- Genre: Game Show
- Created by: Bert Convy; Burt Reynolds;
- Directed by: Richard S. Kline
- Presented by: Bert Convy
- Announcer: Bob Hilton
- Country of origin: United States
- Original language: English
- No. of episodes: 195

Production
- Executive producers: Richard S. Kline; Burt Reynolds; Bert Convy;
- Producer: Burt Wheeler
- Camera setup: Multi-camera
- Running time: 22–24 minutes
- Production companies: Kline and Friends Productions; Burt and Bert Productions; Lorimar Television;

Original release
- Network: Syndication
- Release: September 11, 1989 – June 8, 1990

= 3rd Degree (game show) =

3rd Degree! is an American game show that aired in syndication from September 11, 1989, to June 8, 1990, with repeats continuing until September 7, 1990. The show was a panel game much in the vein of an earlier game show called Make the Connection, where two people with a specific connection would play against the panel.

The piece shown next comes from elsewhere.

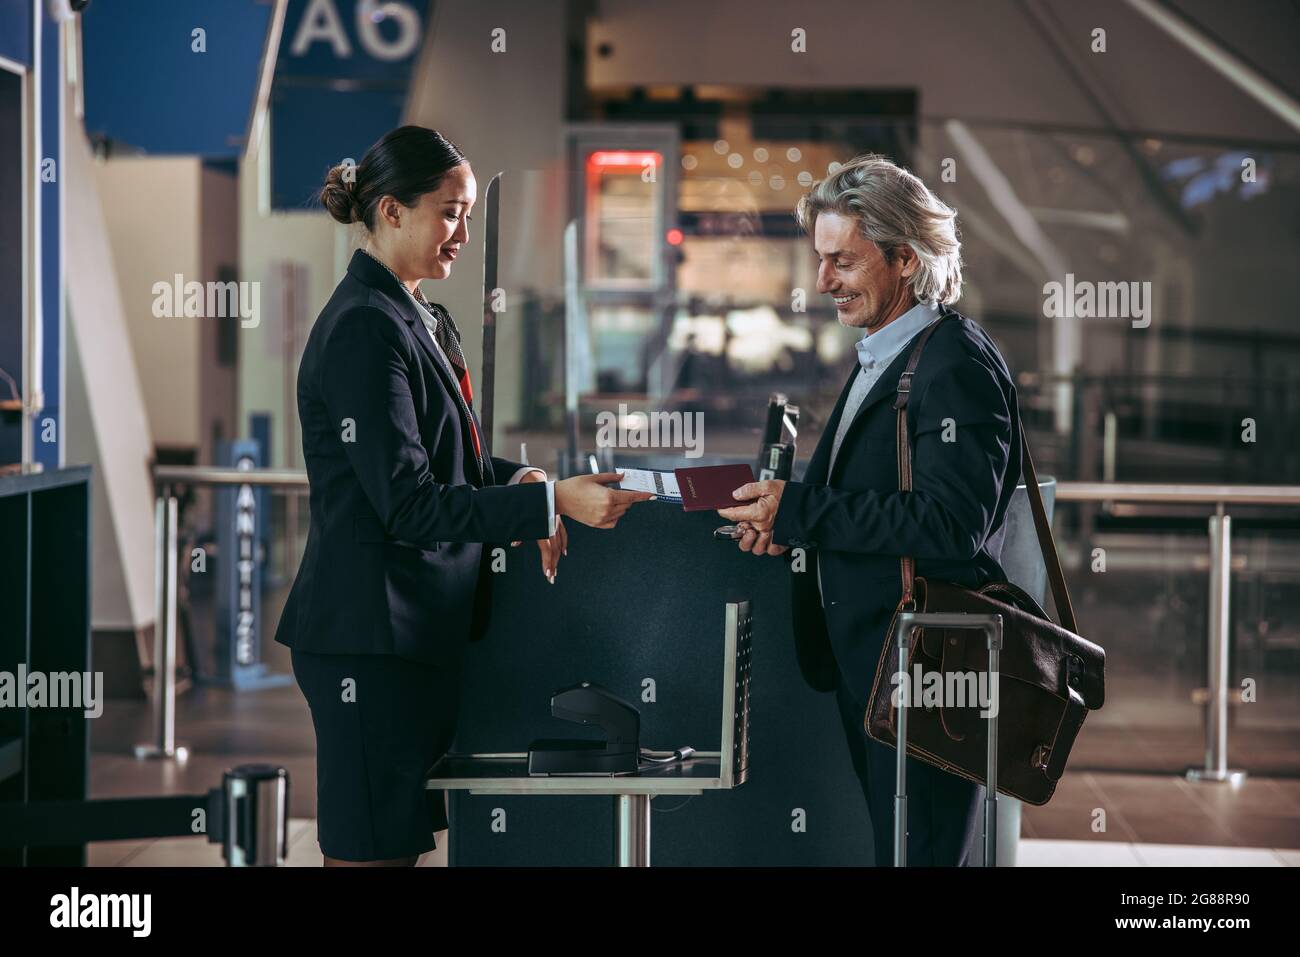 Businessman getting his boarding pass scanned at check in counter. Female ground attendant giving boarding pass and passport to male traveler. Stock Photo

3rd Degree was hosted by Bert Convy, who co-created and produced the series along with his production partner Burt Reynolds. Bob Hilton was the announcer, with Don Morrow and Michael Hanks substituting for brief periods. The series was taped at Television City Studios in Hollywood, California. John C. Mula was the art director.

3rd Degree was a production of Burt and Bert Productions and Kline & Friends Productions, the same team behind the game show Win, Lose or Draw. The series was produced in association with Lorimar Television and distributed by Warner Bros. Television Distribution. This was the last game show Convy would host, as he was diagnosed with an aggressive form of brain cancer toward the end of 3rd Degrees run and died in July 1991.

==Premise==
A panel of four celebrities who were split into two teams (two men, two women) faced a team of two or more contestants who have a special relationship between them. Two rounds were played for each civilian team; in each round, each team of celebrities had a limited time to question the contestants (or give them "the third degree", hence the name of the show). In the first round, each team of celebrities had one minute to question the contestants, and in the second round, the time was cut to 30 seconds.

When the time was up, the celebrity team in control then got to guess the relationship (or when Bert Convy asked the question, "What's the relationship?" when they were getting close to the correct relationship). An incorrect guess awarded $250 to the contestants, and stumping the panel completely won $2,000 total, which includes a $1,000 bonus.

==Notable contestants==
- I Love Lucy writers Madelyn Pugh Davis and Bob Carroll, Jr. appeared as contestants on the show's premiere, and successfully stumped the panel to win the $2,000 top payoff.
- Later in the premiere week, famed film composers Richard M. Sherman and Robert B. Sherman appeared as contestants and completely stumped the panel, who failed to identify them as having written "Supercalifragilisticexpialidocious" (from the 1964 Disney film Mary Poppins).
- Michael Burger, then host of Straight to the Heart, and David Ruprecht of Supermarket Sweep appeared on the show as contestants.
- Don Messick and Lucille Bliss appeared as contestants on the show, and the panel knew after the first minute that they were voice actors from the Smurfs. Don and Lucille had to settle for parting gifts on the show, but did the voices of Papa Smurf and Smurfette, respectively, when heading off to a commercial break.
- Henry Corden and Jean Vander Pyl were featured as contestants, with the panel successfully identifying them as the voices of Fred Flintstone and Wilma from The Flintstones, respectively. The panel figured out their relationship halfway through the second round, after the pair had won $500.
- Thurl Ravenscroft, who did the voice of Tony the Tiger for Frosted Flakes cereal commercials, was a contestant on the show, and he and his teammate stumped the panel and won $2,000.
- Betty Ann Bruno and Joan Kenmore, both of whom played Munchkins in the classic 1939 film The Wizard of Oz when they were children, appeared as contestants in 1990.
- Sergio Aragones and two other MAD Magazine cartoonists appeared on the program.

==Dispute==
When 3rd Degree went to pilot, Peter Marshall was brought in to be the host. After the series was picked up for syndication, however, co-producer Bert Convy decided to leave his position as the host of the syndicated edition of Win, Lose or Draw and take Marshall's place on 3rd Degree without informing Marshall. Marshall filed a lawsuit against Convy for the action, but later dropped it after Convy's cancer diagnosis was made public.